Carol: Please, Bones?

McCoy: He's the father, he should be told.

Carol: I won't have him throwing his career away for me.

McCoy: He loves you, Carol.

Carol: He thinks he does. What he loves is the service. He's married to Star Fleet now. I don't want to wake up some morning to disccover I'm competing for his love with a starship!
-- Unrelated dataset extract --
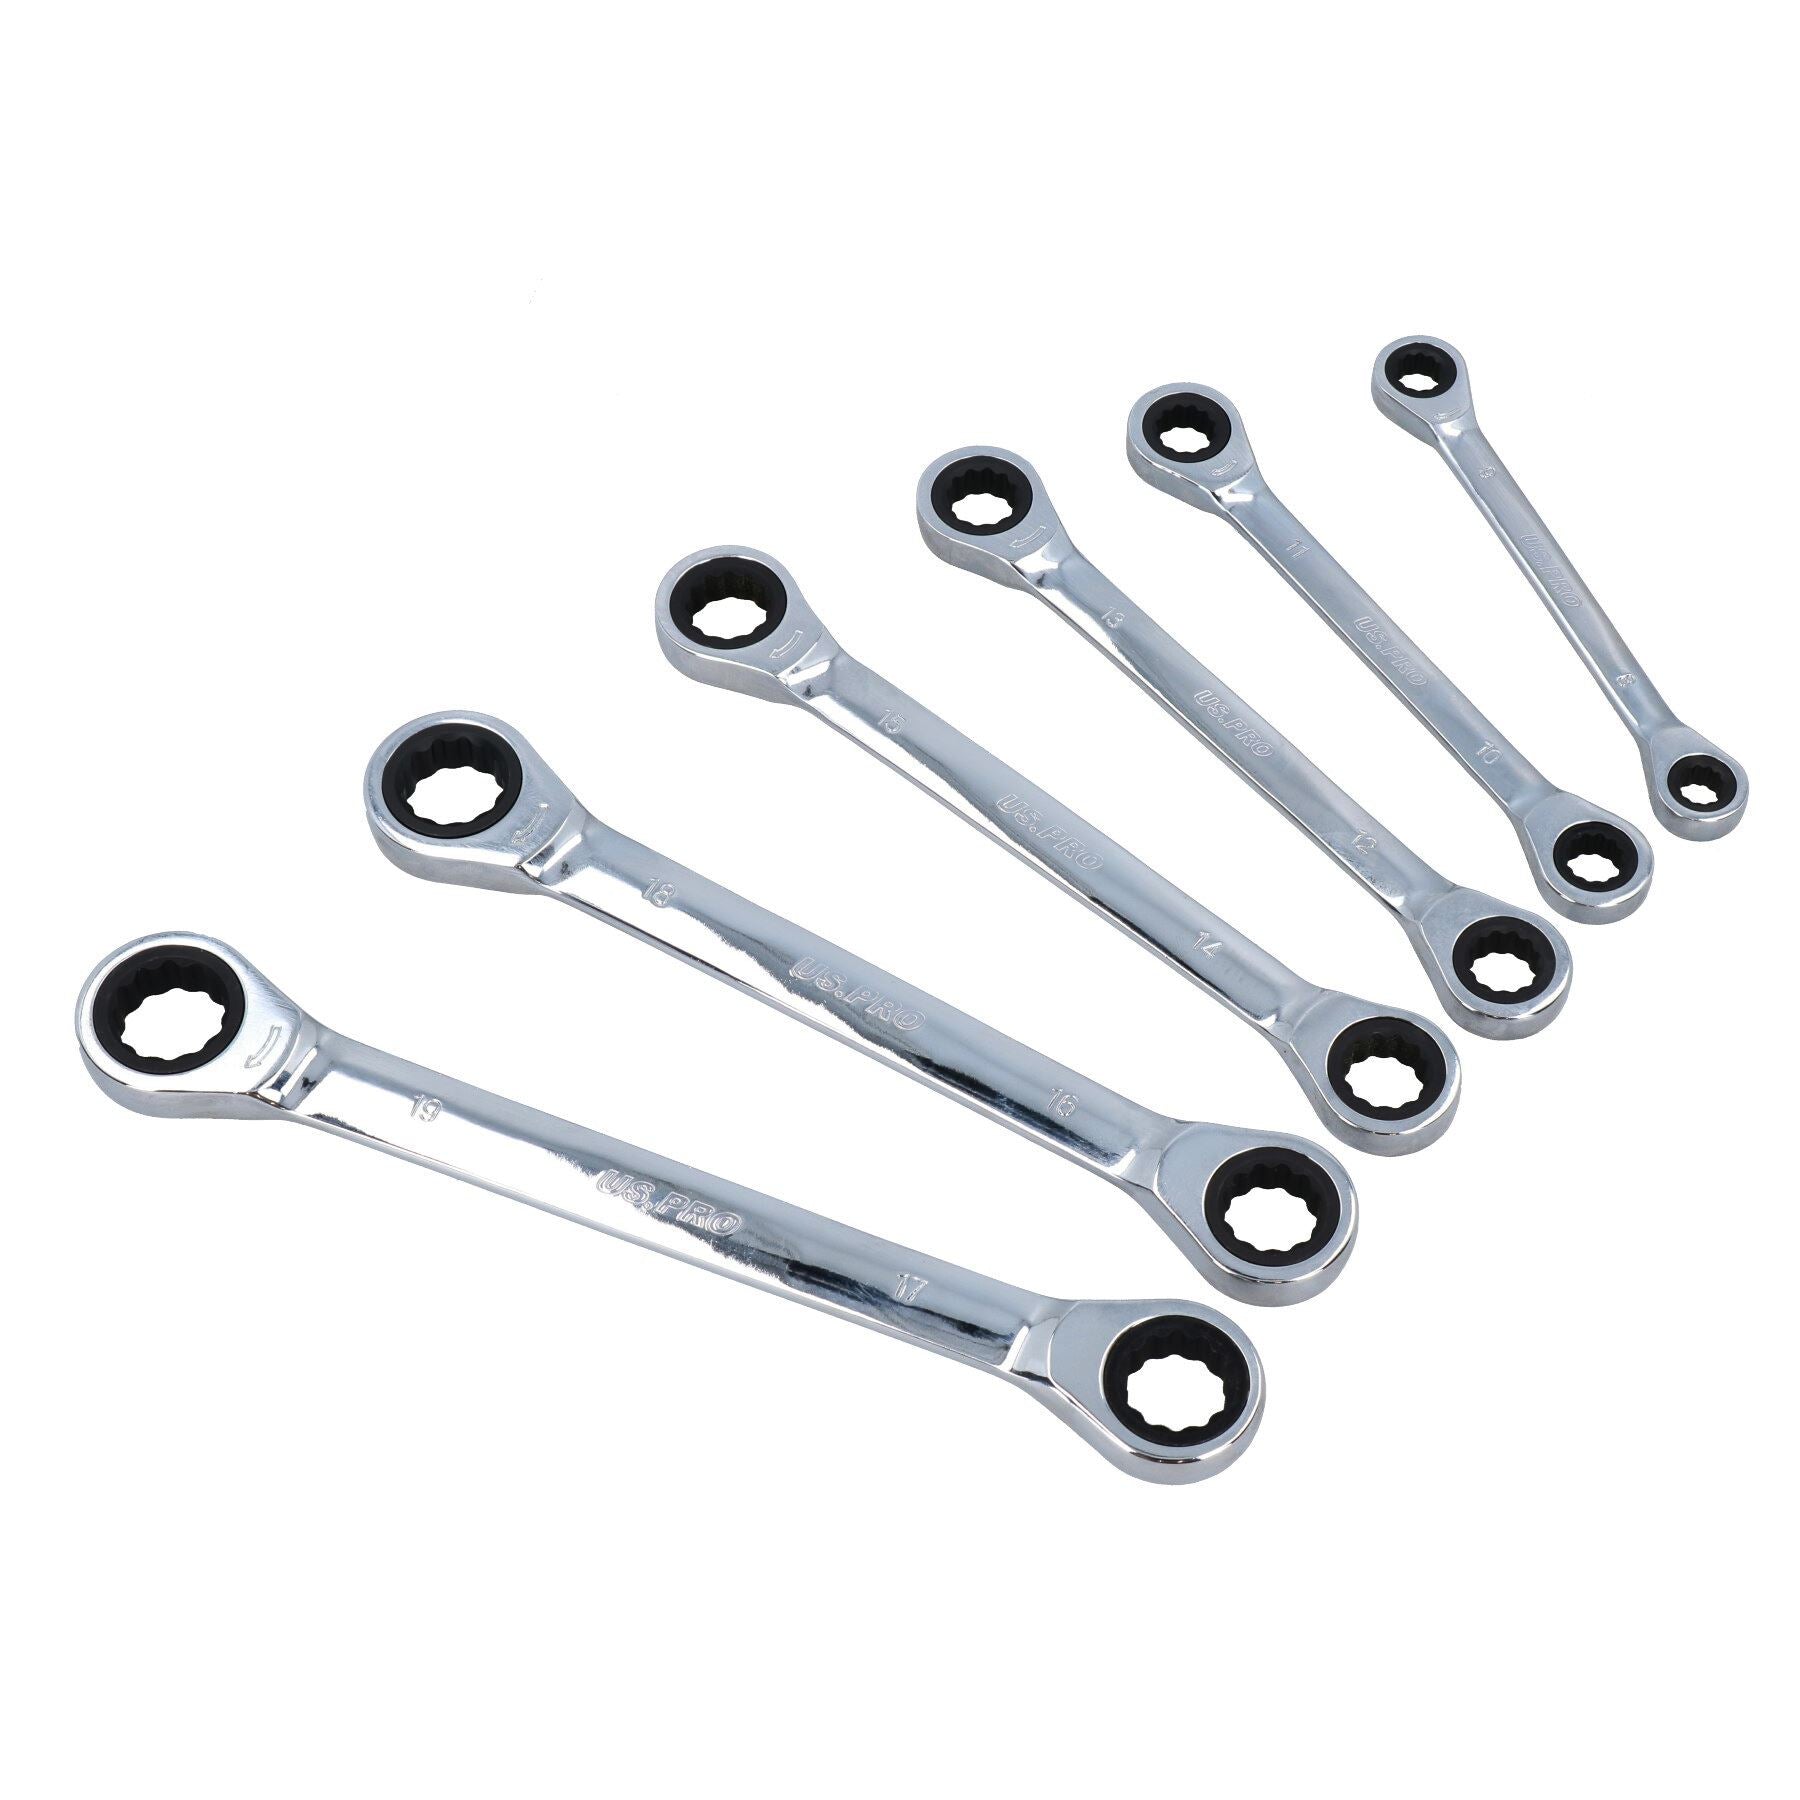 8mm – 19mm Double Ended Ring Gear Ratchet Spanner Wrench Set 6pc 12 Sizes

Heck. Now I want to see this movie.

4 Comments:

At 1:23 AM, Anonymous Anonymous said...

I liked your blog.I do not think they went to the academy together.Kirk's best friend was Gary Mitchell who was the helmsman before Sulu.But I do have one nitpick when you said Spock did not trust kirk with Pike.Kirk called him Chris implying a friendship to the former captain.Spock said he did not include kirk because kirk would also face the death penalty

 
At 10:08 PM, Anonymous Anonymous said...

Interesting, however Spock said that he hoped that he would be spared pon far, so I assume that he had not experienced one and hope that he never would.

 
At 9:10 PM, Blogger Nash's G'ma said...

All of the ST fiction I have read over the years (and that's a LOT) implies that Kirk and Spock did not meet until Kirk took over command of the Enterprise. I think the writers of this new movie are taking great liberties with "history" and I don't think it will go over well with true Trekkies.

 
At 7:57 PM, Anonymous Anonymous said...

Well, I'm not sure about the whole Spock being 20 years older than Kirk thing. I'd say that they were around three years apart, considering that Spock went through his first pon farr on the enterprise. not when he was 21 years old. Vulcans have a longer life span, so it makes sense that they mature later in life. Saavik said that they have it every seven years from the beginning of their adult life. So their adult life starts later. I think it makes sense that they were at the academy together for awhile, but Spock enrolled earlier and stayed for perhaps 3 or 4 years before being assigned to the enterprise under captain pike, assuming that he entered the academy at age 18, and then served on the enterprise for 11 years before Kirk took over. Remember, Sarek and he didn't speak for 18 years, and if he did join the academy at 18, that would make him thirty-six when they spoke again. Like I said, I believe that Kirk and Spock are only about three years apart, making Spock about 31 or 32 when Kirk comes aboard, assuming that Kirk is only about 29 or 30 when he becomes captain. The youngest captain in the fleet. But I don't think they were friends. Maybe they stumbled upon each other once or twice, but like *you* said, they were just beginning to form a friendship on the enterprise, and it grew rapidly during those years. Plus Kirk's closest friend was Gary Mitchell unitl his death, and only after Mitchell died did he seem to take much interest in Spock. They
seemed to have it pretty rough during the first episode, which we assume was at the beginning of the five-year mission. If they had been friends at the academy, if they had known each other even a little bit, would they not be excited at being reunited during the first few months or so?
Anyway, that's my opinion. I don't think I'll be considering the new movie canon, though I'll probably enjoy it. It just doesn't fit in my books.